President Putin's fears in connection with alleged efforts of Western special services to collect biomaterials of Russian citizens seem unfounded, Alexander Markov, Doctor of Biology, chief of the Department of Biological Evolution of the Faculty of Biology at the Moscow State University, told Pravda.Ru.
During a recent meeting of the Human Rights Council on October 30, President Putin stated that Russia and its people became an object of great interest to Western special services, which, as he claimed, collect biological material of Russian people throughout the country.
On Tuesday, Putin's official spokesman Dmitry Peskov confirmed that representatives of certain non-governmental organizations and other agencies collect such information indeed, and special services registered such incidents.
The US Air Force published one of its contracts on the Federal Business Opportunity public procurement website. According to the text of the document, the US Air Force plans to purchase 12 samples of ribonucleic acid (RNA, one of the three basic macromolecules contained in cells of all living organisms) and 27 samples of stratum synoviale (synovium, produces the fluid necessary for joints). The contract specified that all samples should be collected from Russian donors, The Insider wrote.
There is another example. Scientists from the University of Arizona and the Institute of Cytology and Genetics of Novosibirsk, who examined genetic signs of adaptation to cold in indigenous peoples of Siberia, collected 21 samples of DNA from two Siberian peoples - the Nganasan (nomadic hunters of Taimyr) and the Yakut (reindeer herders). In the samples, the scientists isolated exoms (protein-coding genes) and had them sequenced to determine the order of DNA blocks (nucleotides) in the genetic code of a human being.

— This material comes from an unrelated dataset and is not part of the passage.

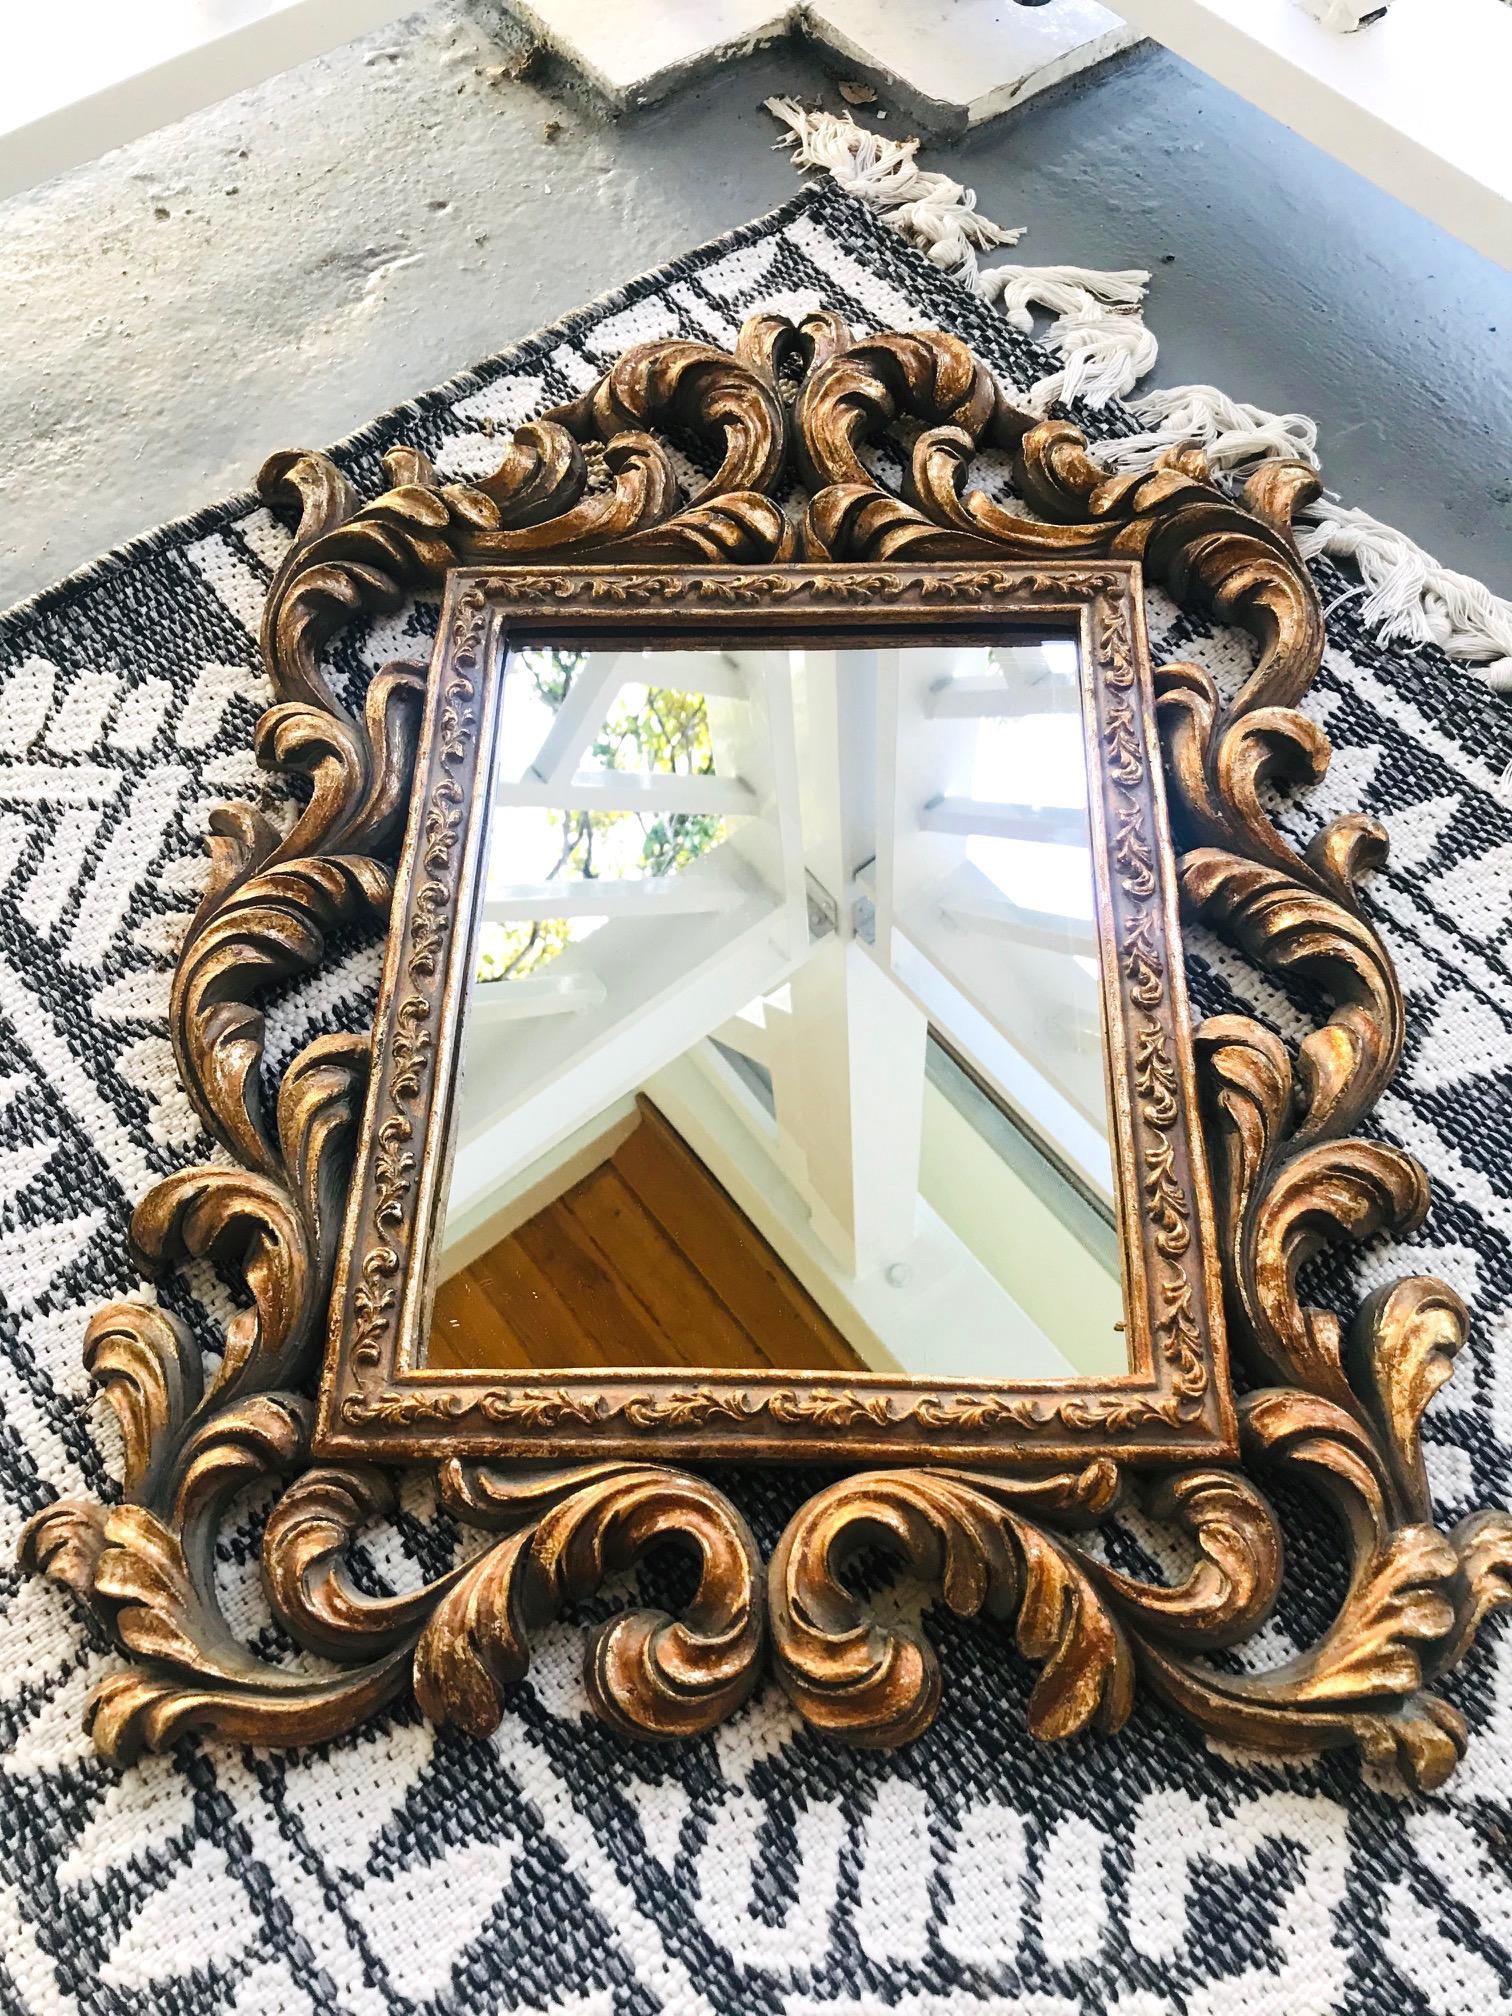 Hollywood Regency Baroque style mirror features a solid wood frame with hand carved designs and antique gold leaf finish. The ornamental frame features stylized scrolls of foliage and Prince of Wales plumes. The rectangular inner frame has a series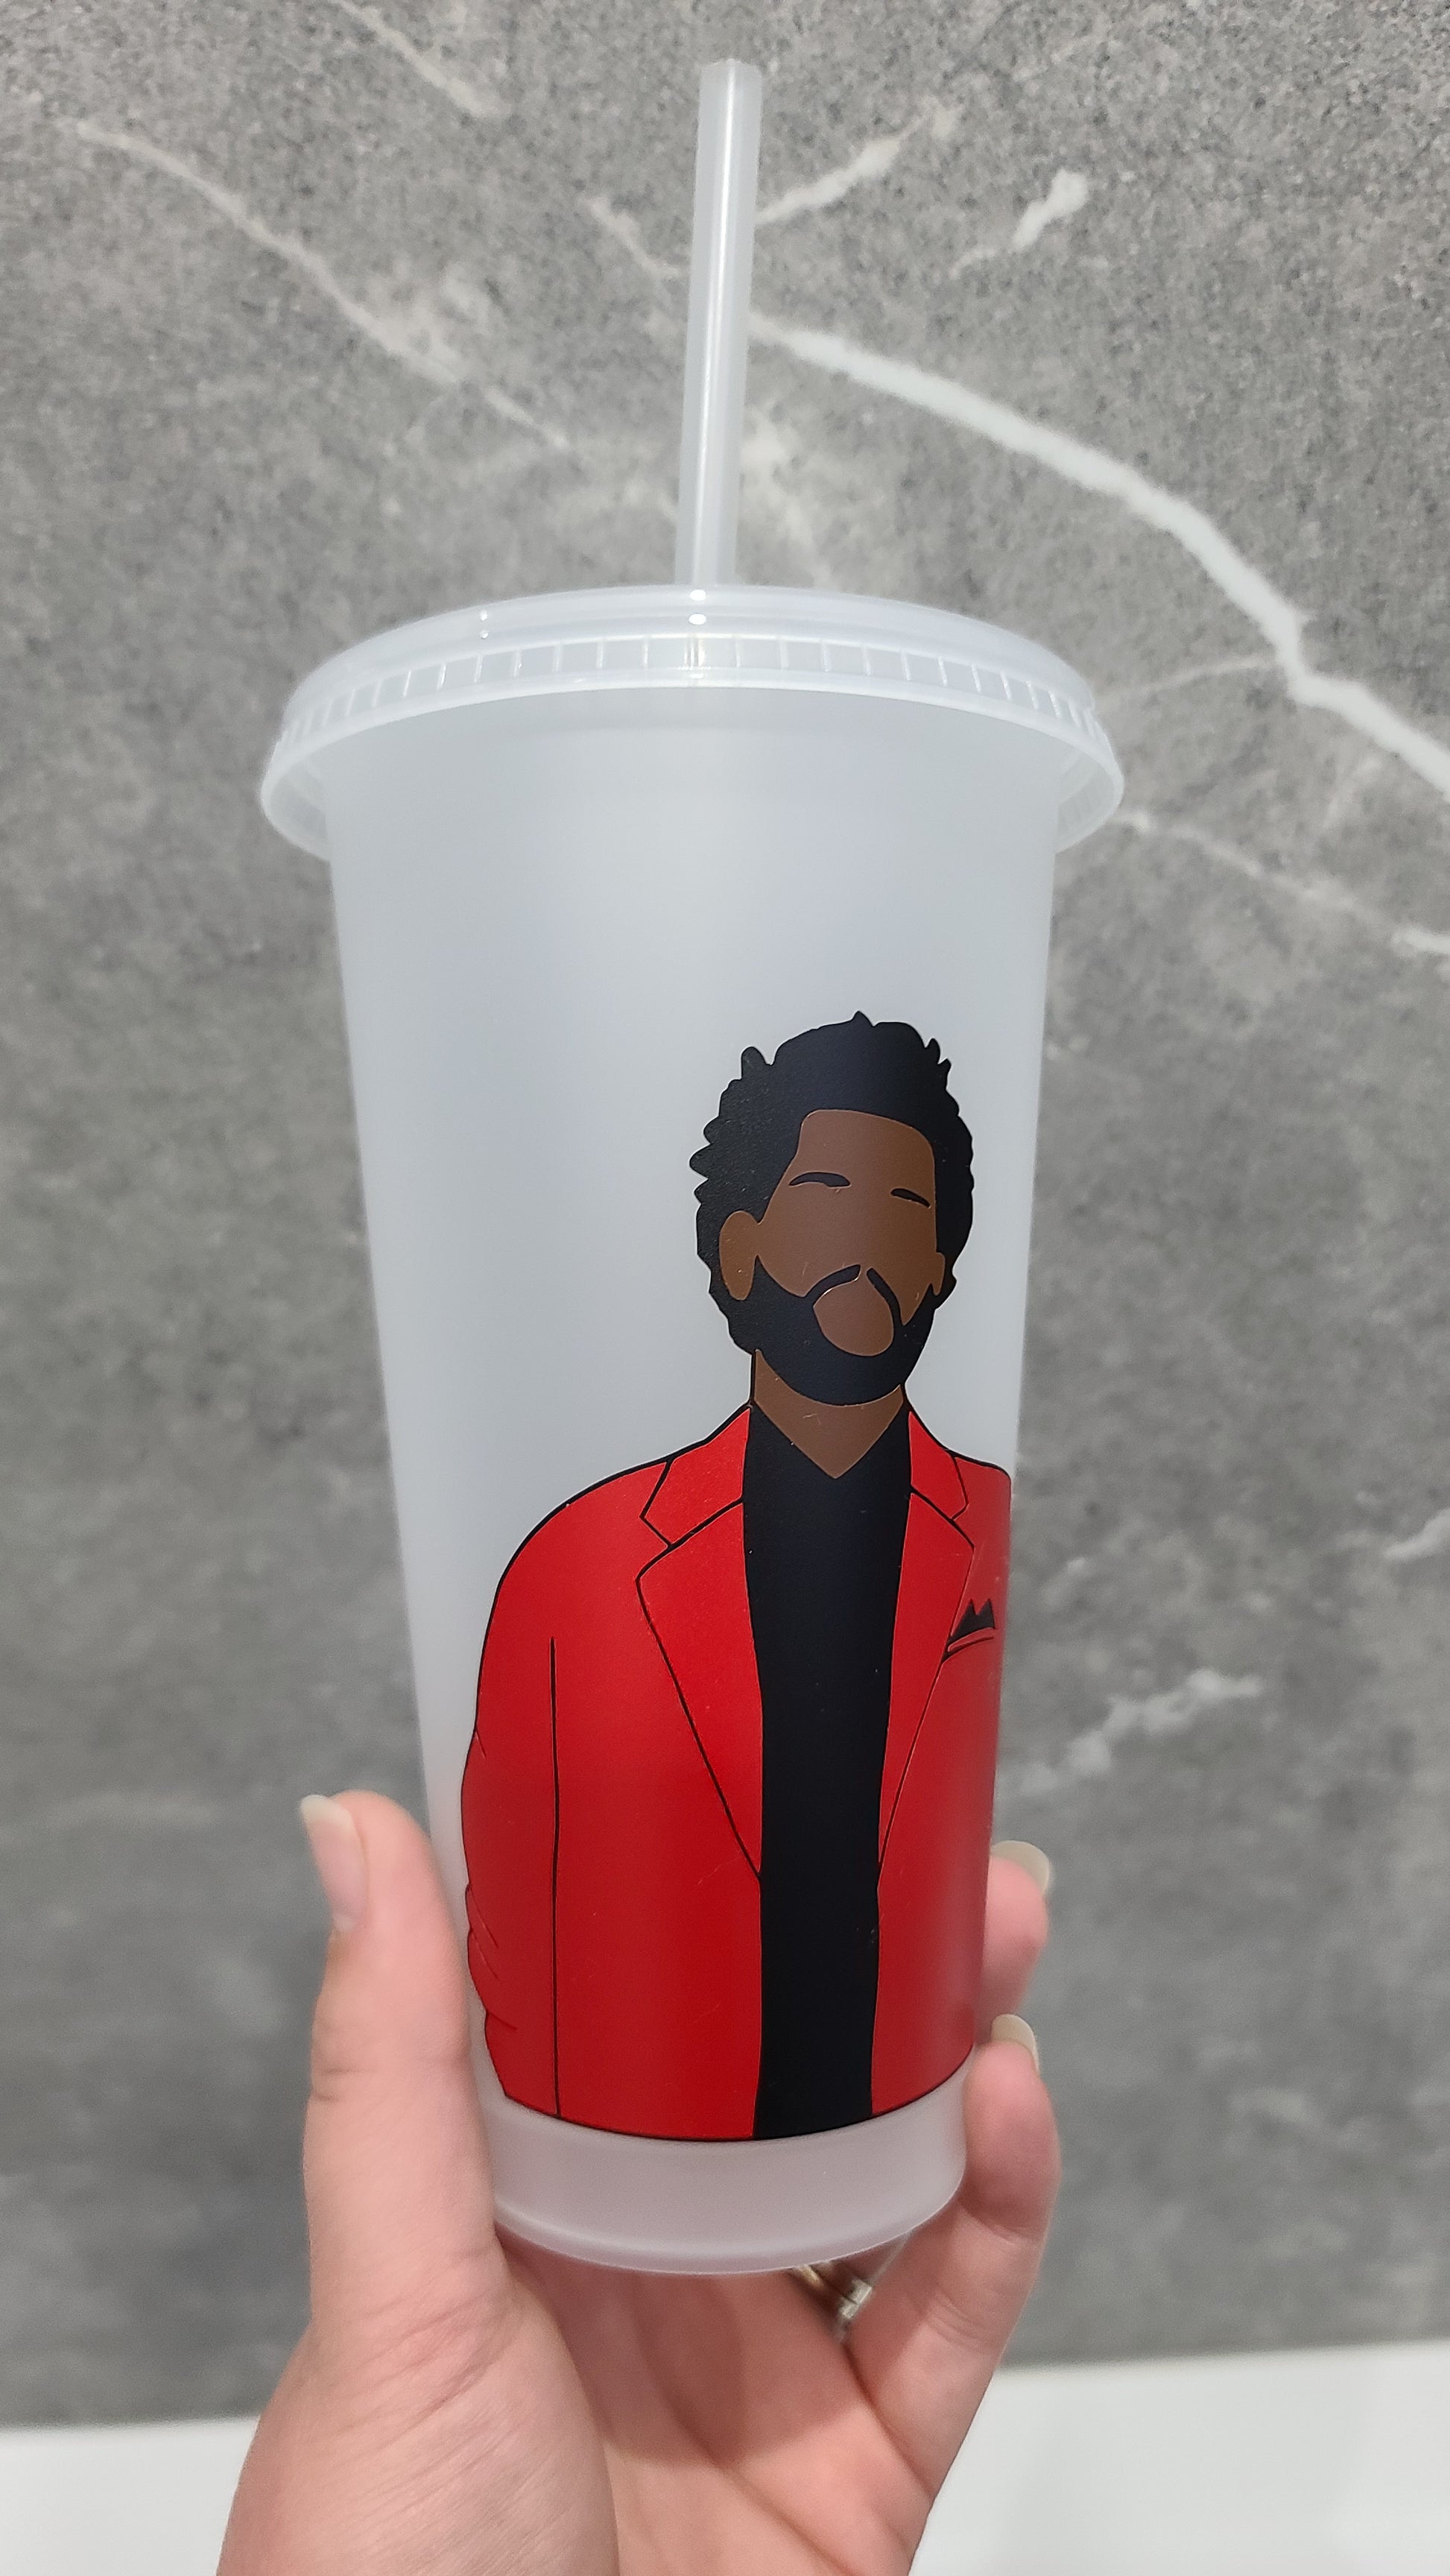 The Weekend 700ml Frosted Cold Cup Fan Merch Gift / Plastic Reusable Tumbler With Lid and straw / Krissi's Creations

According to Alexander Markov, this is "routine biological work" to restore paths of ancient migrations of peoples. "This is what ethnographers and geneticists do all the time. This is a common story. Moreover, Russia is not the only country in the world, where they collect biological materials - this work is regularly conducted in absolutely all countries, for all nations," the biologist told Pravda.Ru.
According to the expert, comparative genomics and paleogennomics develop very rapidly too. Genetic material is needed to understand the evolution of certain features in modern-day people. There are many of such research works, and scientists try to reach as many human populations as possible, in most remote areas.
"It am worried that illiterate politicians will try to impose restrictions on science. We may proclaim genetics a bourgeois pseudoscience, as it was during the times of Lysenko. This is very dangerous for science," said Alexander Markov.